Once you have established a stable dental practice with a partner or a few shareholders, your mind should turn to plans for what to do if one of you wants out of the business. It is natural to expect that either you will want to buy-out our partners or, depending on the circumstances, you will want to sell to one of your partners. While this may seem like
something you will consider in the future, life can take unexpected turns and you need to be prepared for unanticipated situations such as a sudden death or disability. The best way to prepare yourself and your business for this eventuality is through a buy-sell agreement.
What is a Buy-Sell Agreement?
Small businesses often have partners or a small number of shareholders who each control a piece of the company. In these cases, situations often arise when one partner wishes to leave and sell his/her share to the other partners or shareholders. Most people do not have the liquid assets readily available to buy someone out in an unexpected circumstance. That is what the dental buy-sell agreement is for, according to the American Institute of CPAs. A buy-sell agreement is a legal document that identifies the current value of the dental practice and takes note of the partners’ or shareholders’ plans to buy one or more of the others’ share of the business. Although participants in the buy-sell agreement may choose to use savings or a bank loan to make good on the agreement, most people prefer to use disability or life insurance to cover the payment.
Why Get a Buy-Sell Agreement?
Any business that has shareholders or partners should have a plan in place in the event that one of the parties is disabled or dies unexpectedly. To leave this task uncompleted puts the other partners at risk. If either you or your partner dies in an accident without a buy-sell agreement in place, the entire business may be cast into chaos. In most cases, your share of the business will be passed onto your spouse of other family member.

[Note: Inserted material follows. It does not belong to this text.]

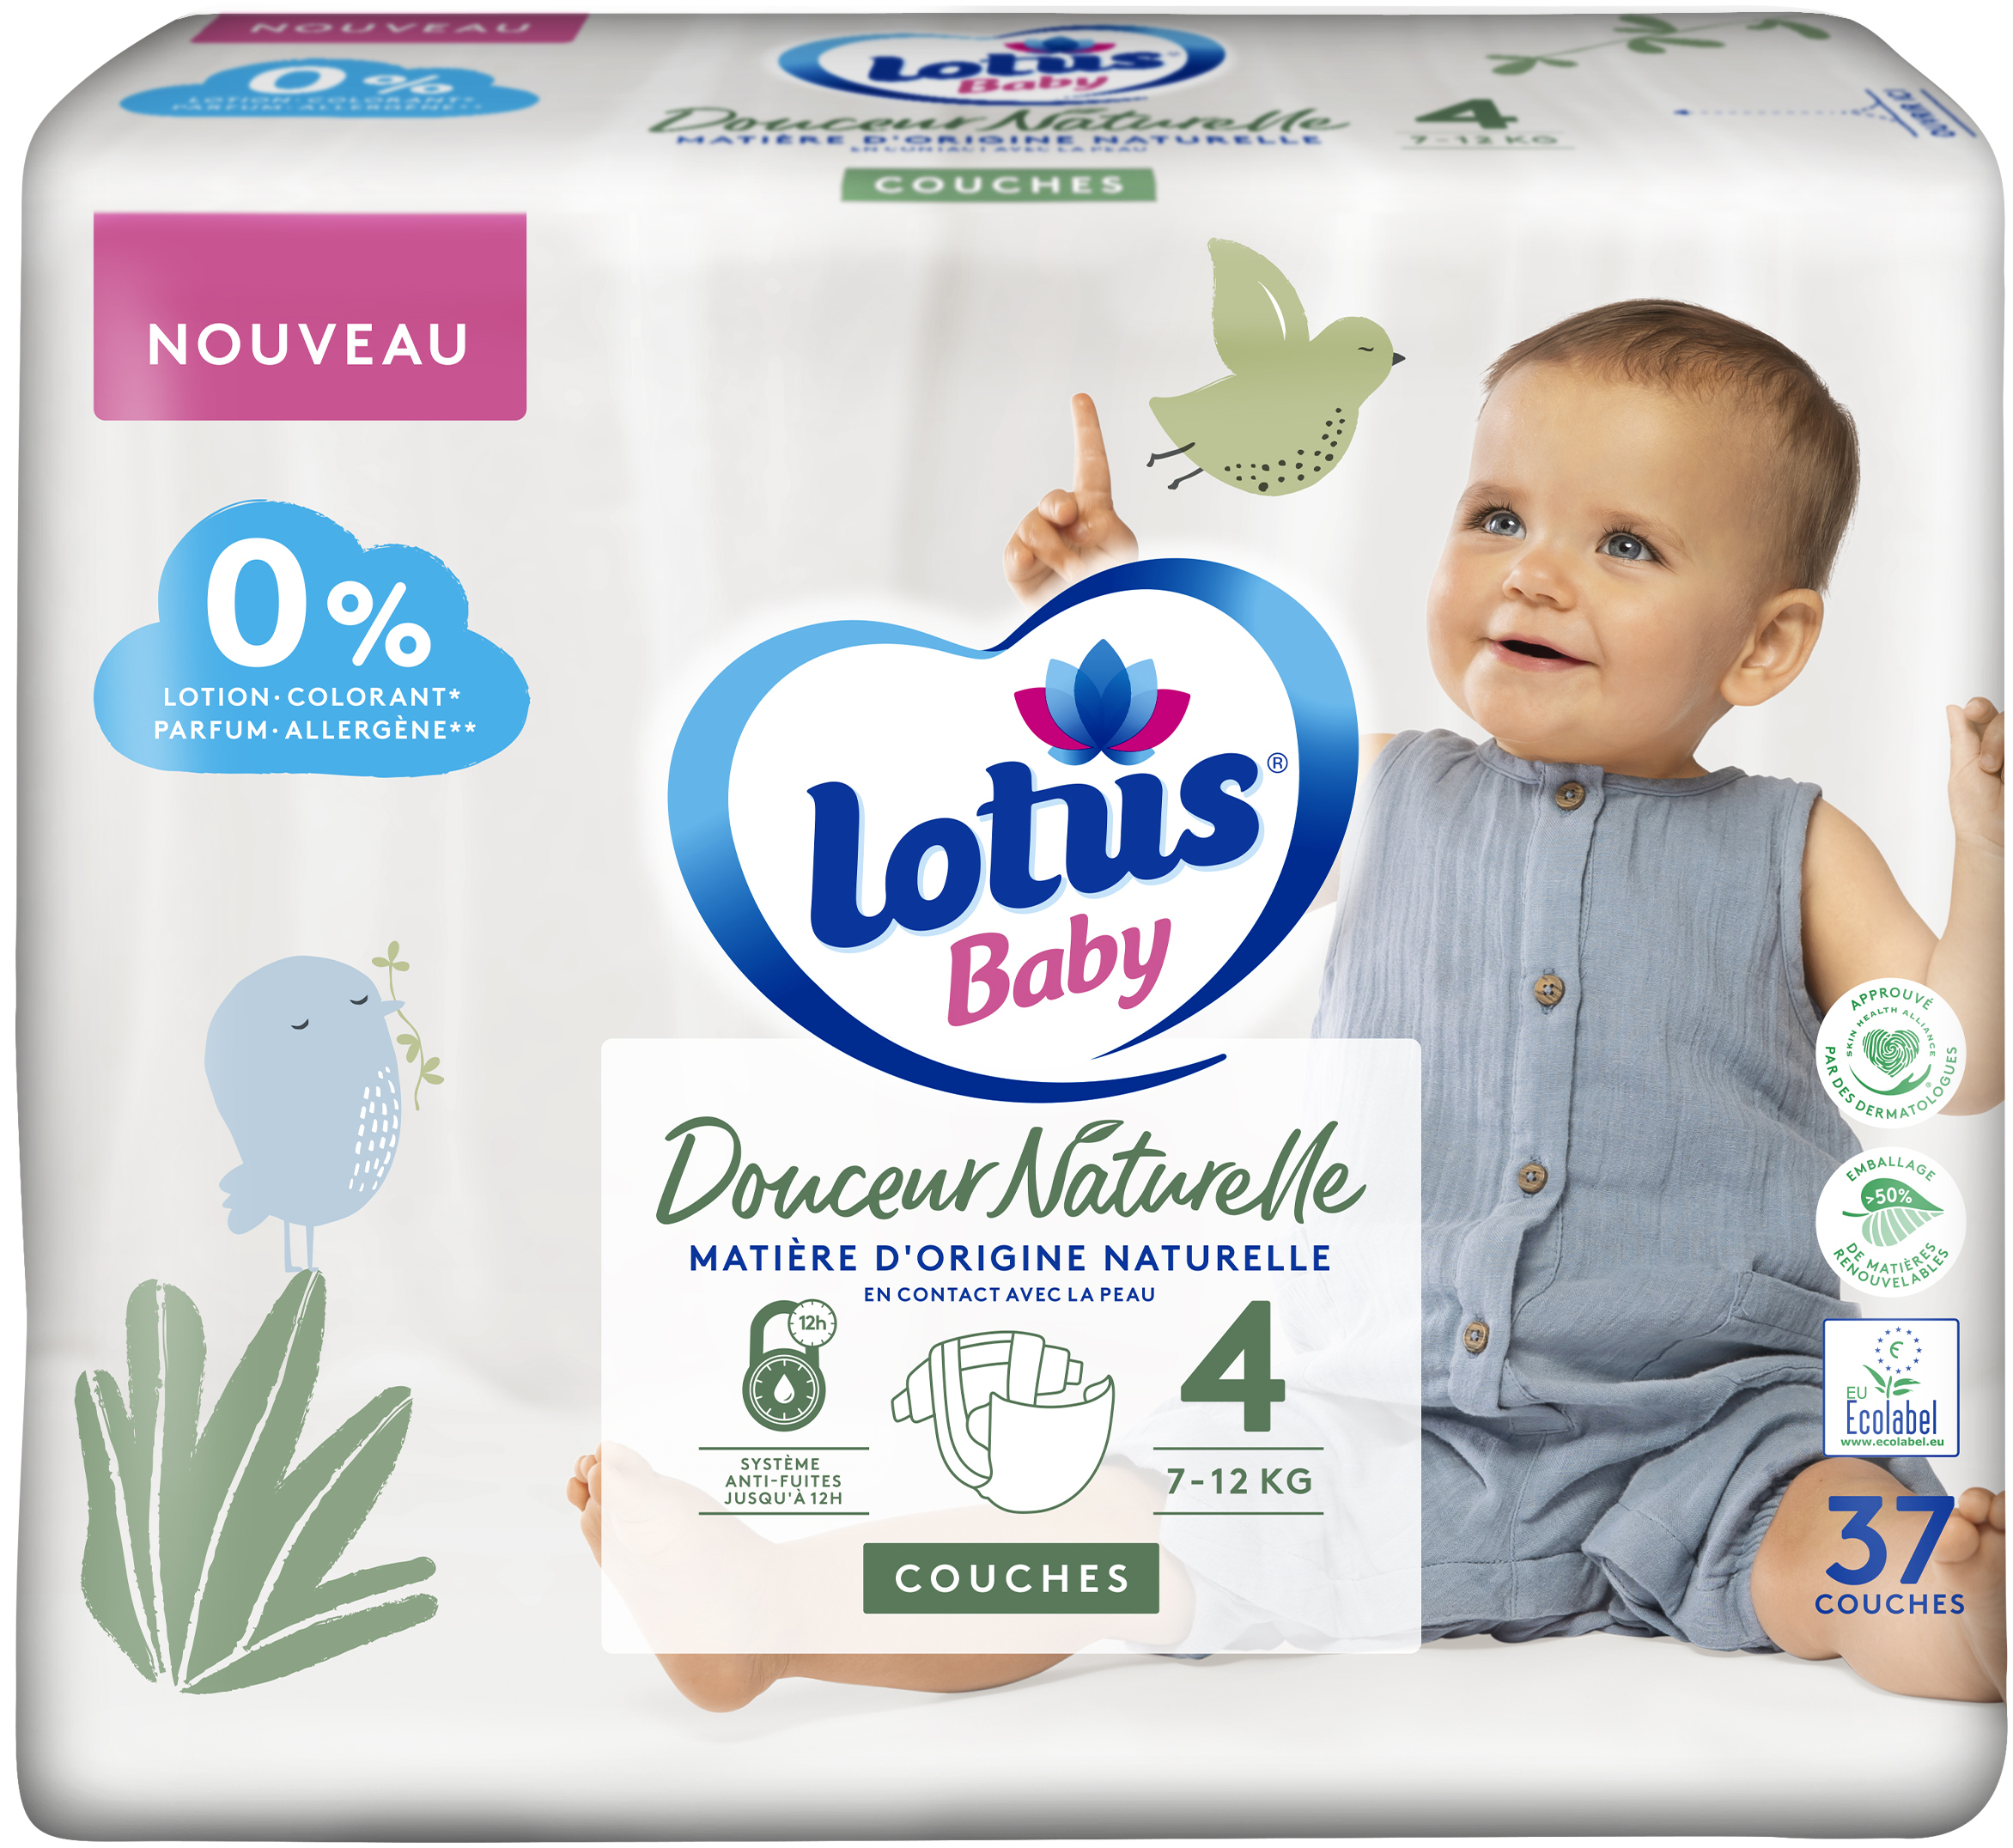 Promo Lotus baby couches bébé douceur naturelle chez Casino Hyperfrais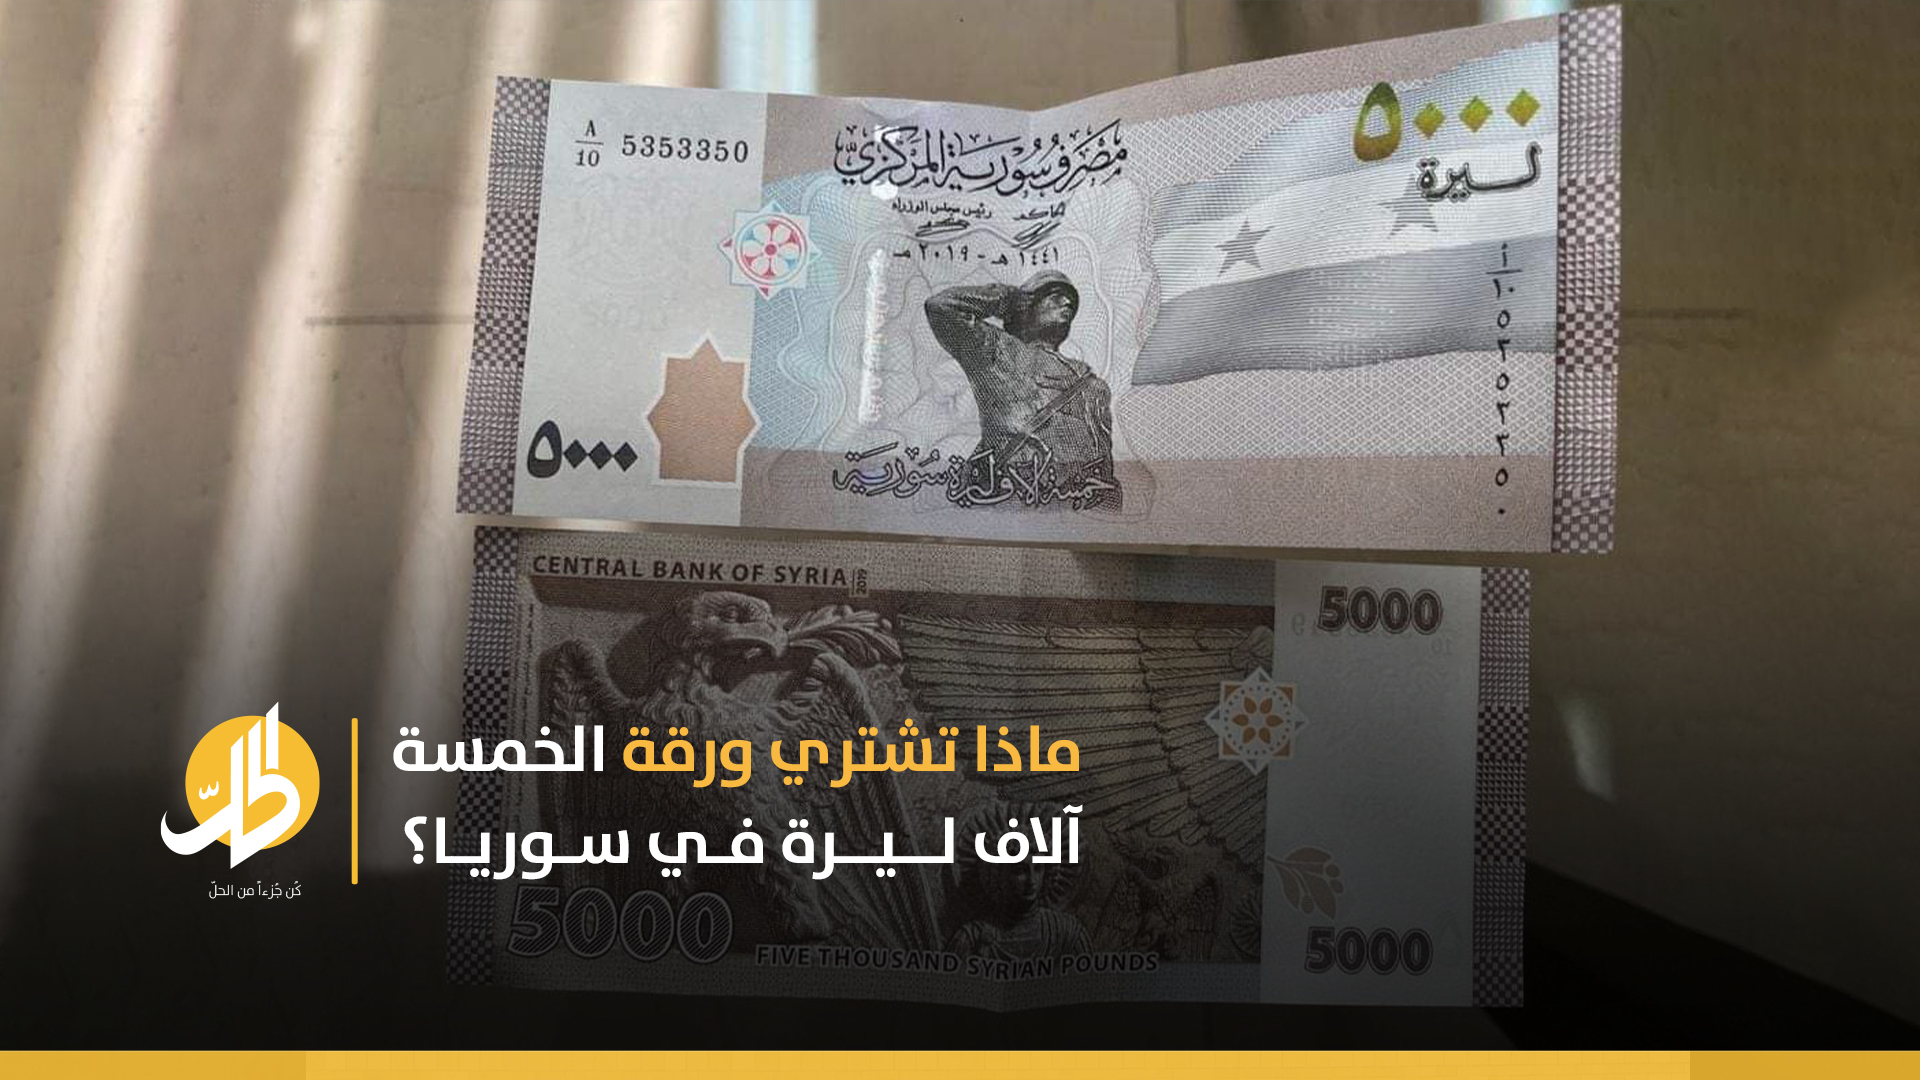 “التمويل بالعجز”: هل ساهم طرح فئة الخمسة آلاف ليرة بزيادة التضخّم في سوريا؟

Without a buy-sell agreement, your partners may not be able to buy out your family’s share of the business, which could create an unfortunate financial stalemate.
Types of Buy-Sell Agreements
There are three basic types of dental buy-sell agreements, commonly titled:
With cross-purchase agreements, each owner takes out an insurance policy on the other owners and pay the premiums for each policy individually. This may become complicated if there are several co-owners or shareholders. Entity-purchase agreements are similar, but they are purchased and maintained by the business for each partner. In this case, the company owners determine if they would rather have a term life policy in case of accidental death, or a universal life policy, which is more appropriately used to buy out a retiring owner. The policy is created to cover the value of that person’s share of the business. Hybrid agreements offer some combination of cross-purchase and entity-purchase agreements. If the co-owners cannot determine which approach is better, they may choose to do both in smaller quantities.
Determining the Price of the Buy-Sell Agreement
Before you can design and sign your buy-sell agreement, you must figure out the value of your dental practice as a whole. Since most dental practices are not publicly held, you will determine this value based on the assets of the business. These assets include the value of any owned property, equipment, accounts receivable, as well as an estimation of the earnings history and future earnings of the business with the new owner. The value is best assessed by a professional appraiser. You must also remain current with payments on any policies, and adjust the value of those policies to keep up with the value of each person’s share of the company.
When you consider what you need to do to protect your interests in your business, a buy-sell agreement seems like the best decision you could make. With a buy-sell agreement, you provide funds to keep your business going, even when a partner or shareholder leaves the business unexpectedly.